Дома я сделала отвар и уже собиралась ехать в больницу, когда ко мне подошёл Максим и извинился. Видимо, мама взывала вчера не только к моей совести. Однако он по-прежнему и слышать не хотел о Дилане, снова закатил истерику, что ни за что не будет жить вместе с ним. В то, что Дилан стал прежним и больше никогда не обидит нас, Максим не поверил, он, как заведённый, повторял, что пусть лучше у него вообще не будет отца. Оставалось только надеяться на его короткую детскую память и отходчивость.
Сашка со Светой молчали, но отношение к происходящему было написано на их лицах. Одна мама подробно расспросила меня, как дела у Дилана.
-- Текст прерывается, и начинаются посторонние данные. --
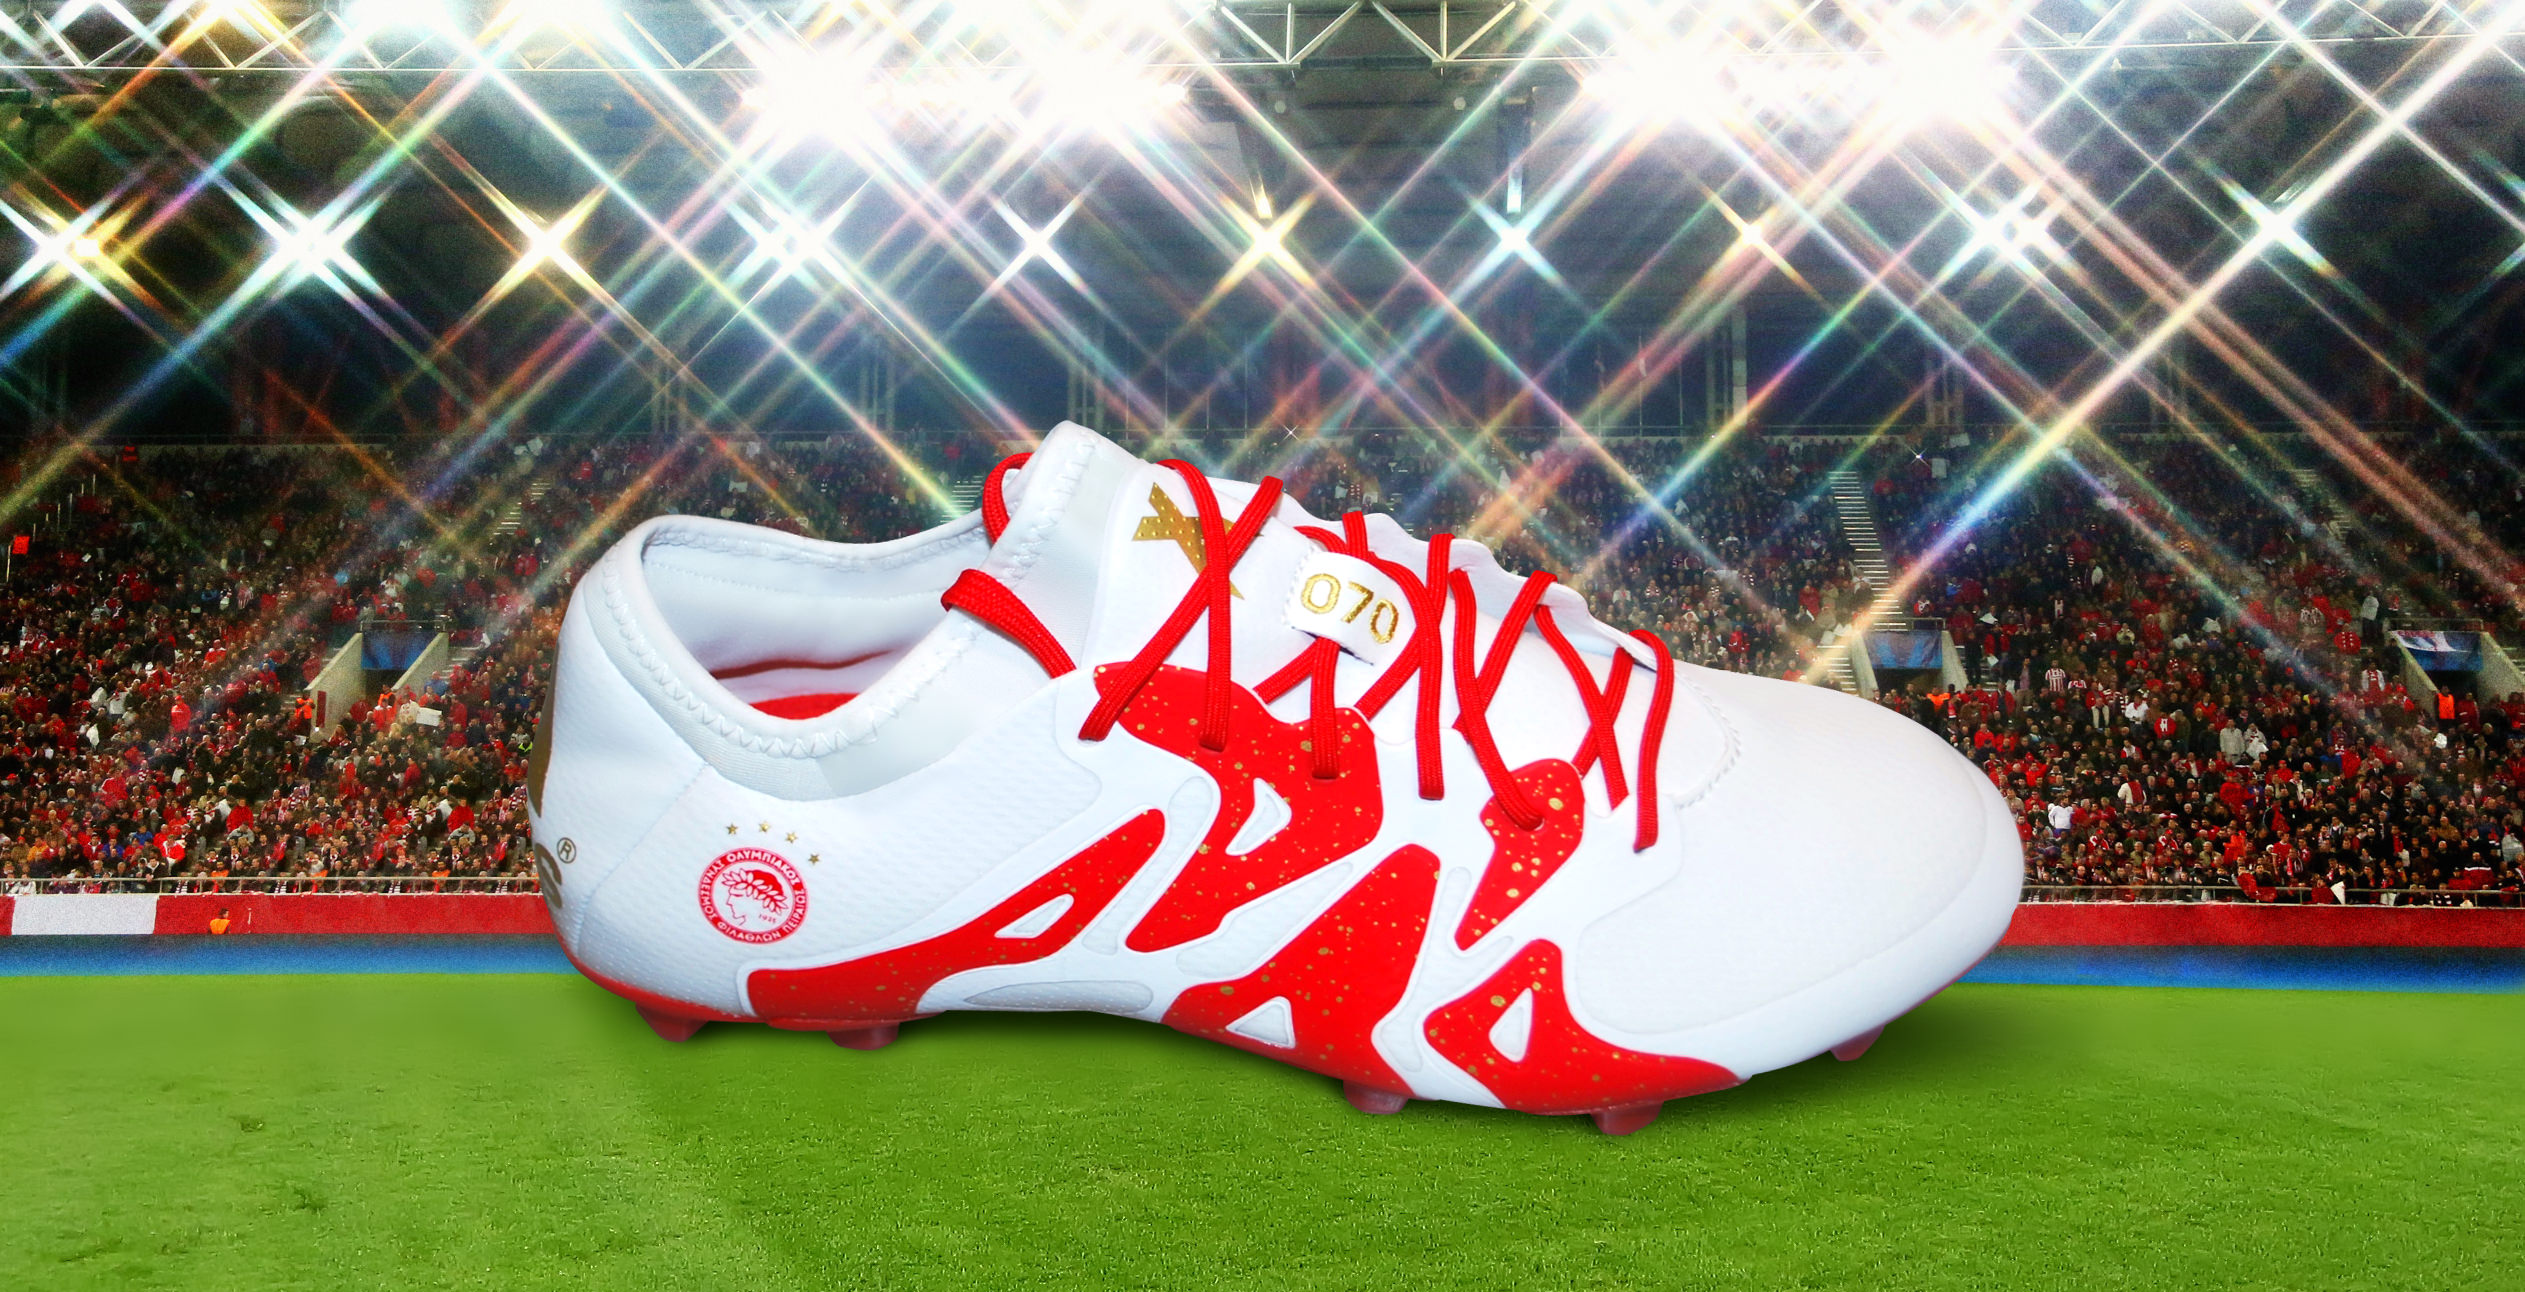 Η adidas γιορτάζει τα 90 χρόνια του Ολυμπιακού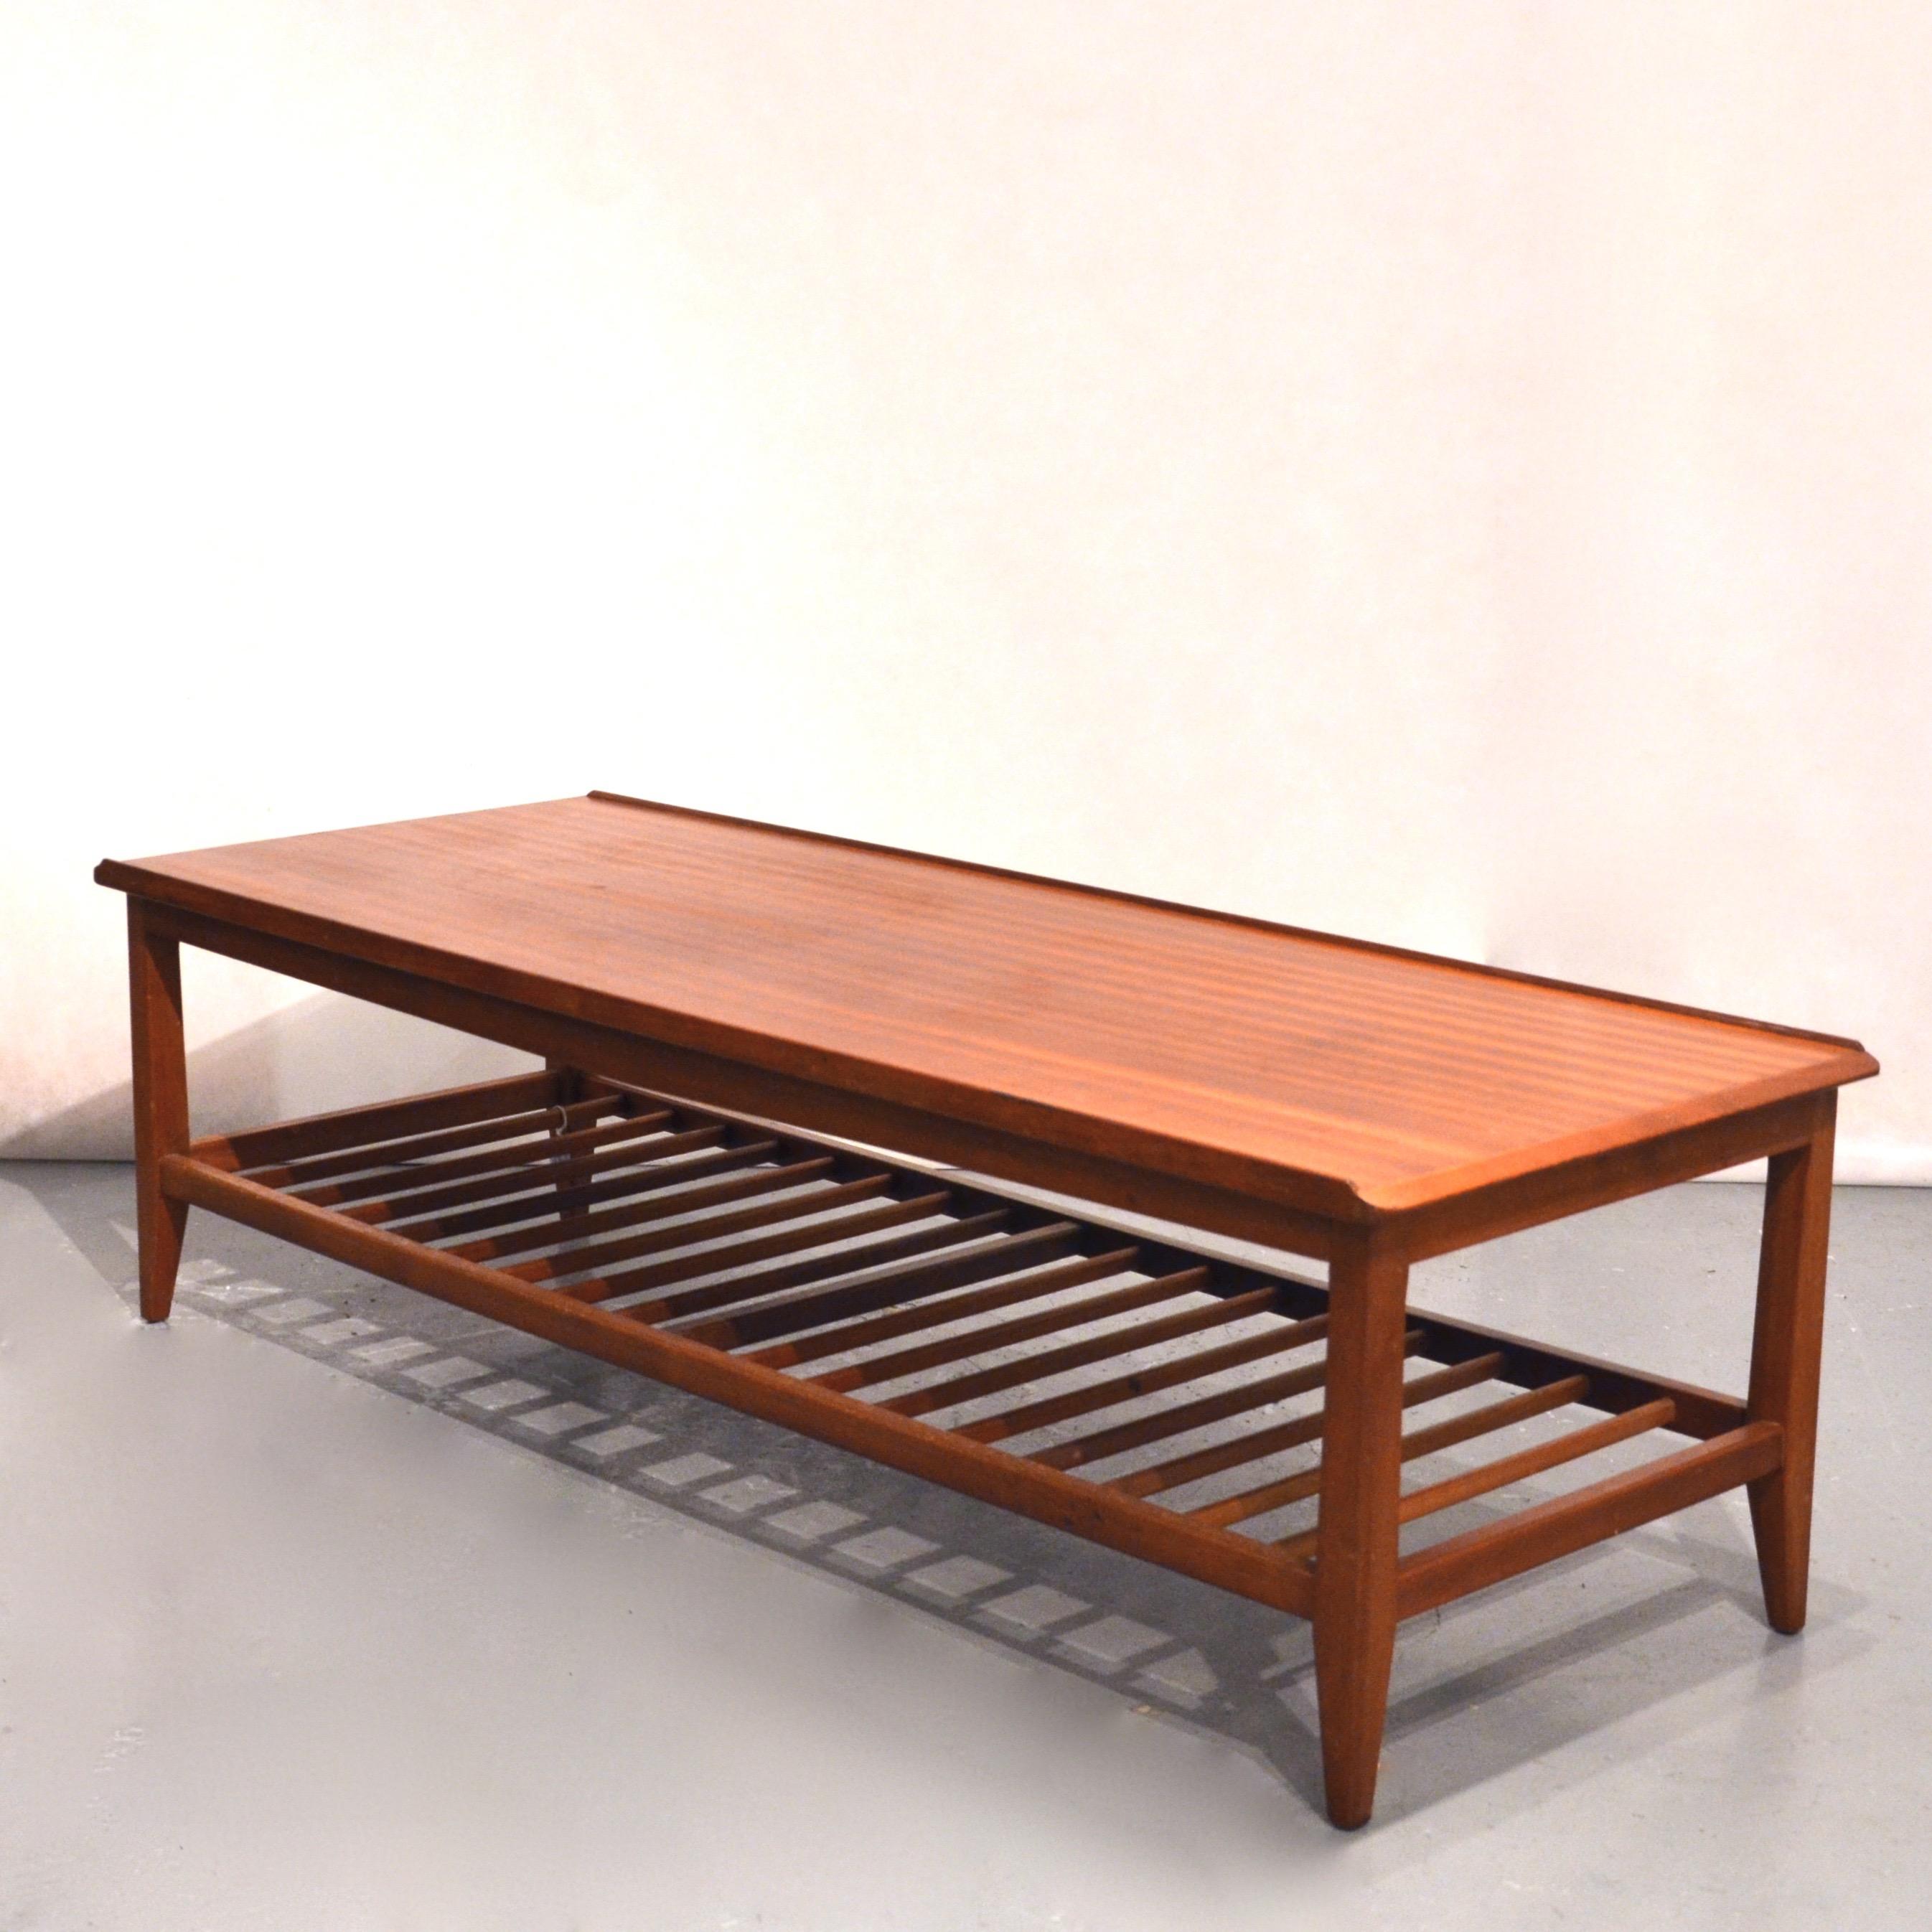 Grande Table Basse Scandinave Bindiesbindies

Ничего определённого я говорить ей не стала, во избежание нового потока обвинений.
В больницу я вернулась уже после обеда, первым делом пришла к Дилану. Он лежал в общей палате, не спал. Я заметила, что отёк начал потихоньку спадать с его лица.
— Привет! Выглядишь гораздо лучше. Как ты себя чувствуешь?
— Нормально.
— Это хорошо. Я принесла тебе кое-что. Выпей, ещё тёплый.
— Что это?
— Отвар живицы. Секрет твоей бабушки. Поставит тебя на ноги. — обнадёжила его я. — Врач приходил? Что сказал?
— Ничего особенного, поставили капельницу с утра и всё.
— Ел что-нибудь?
— Нет, не хотелось, ещё тошнит.
— Пей отвар, поедем домой, нечего тебе здесь больше делать.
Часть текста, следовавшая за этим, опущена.